DinTucker: Scaling Up Gaussian Process Models on Large Multidimensional Arrays
DOI:
https://doi.org/10.1609/aaai.v30i1.10222Keywords:
Large Scale Tensor Decomposition, Multidimensional array analysis, Distributed Tensor Decomposition, Map-Reduce, Gaussian Process, Nonlinear Tensor Decomposition, Local Gaussian ProcessAbstract
Tensor decomposition methods are effective tools for modelling multidimensional array data (i.e., tensors). Among them, nonparametric Bayesian models, such as Infinite Tucker Decomposition (InfTucker), are more powerful than multilinear factorization approaches, including Tucker and PARAFAC, and usually achieve better predictive performance. However, they are difficult to handle massive data due to a prohibitively high training cost. To address this limitation, we propose Distributed infinite Tucker (DinTucker), a new hierarchical Bayesian model that enables local learning of InfTucker on subarrays and global information integration from local results.

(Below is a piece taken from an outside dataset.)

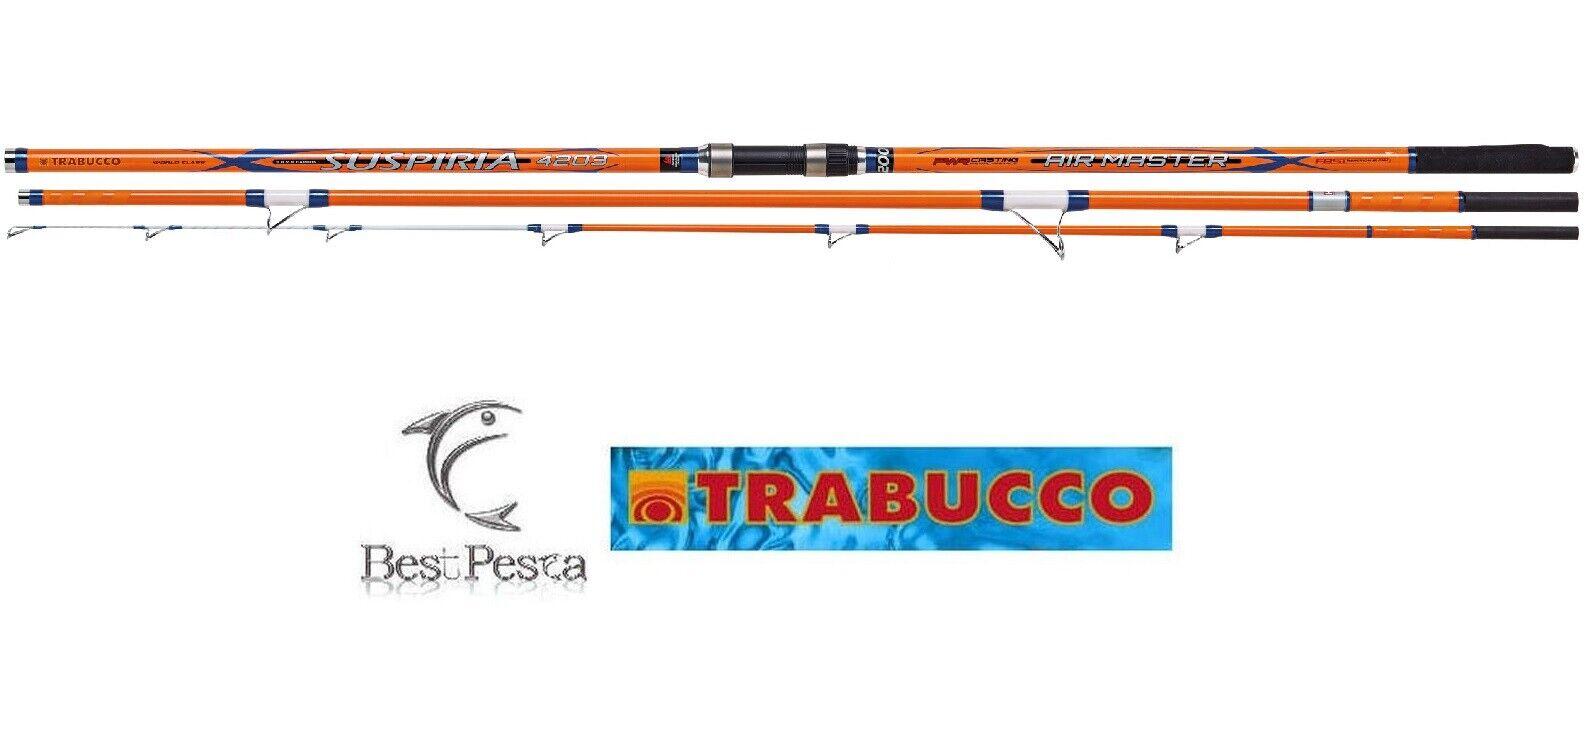 Trabucco SUSPIRIA AIRMASTER LC - 4.2mt - 200gr-Code   171-99-100  offering store

We further develop a distributed stochastic gradient descent algorithm, coupled with variational inference for model estimation. In addition, the connection between DinTucker and InfTucker is revealed in terms of model evidence. Experiments demonstrate that DinTucker maintains the predictive accuracy of InfTucker and is scalable on massive data: On multidimensional arrays with billions of elements from two real-world applications, DinTucker achieves significantly higher prediction accuracy with less training time, compared with the state-of-the-art large-scale tensor decomposition method, GigaTensor.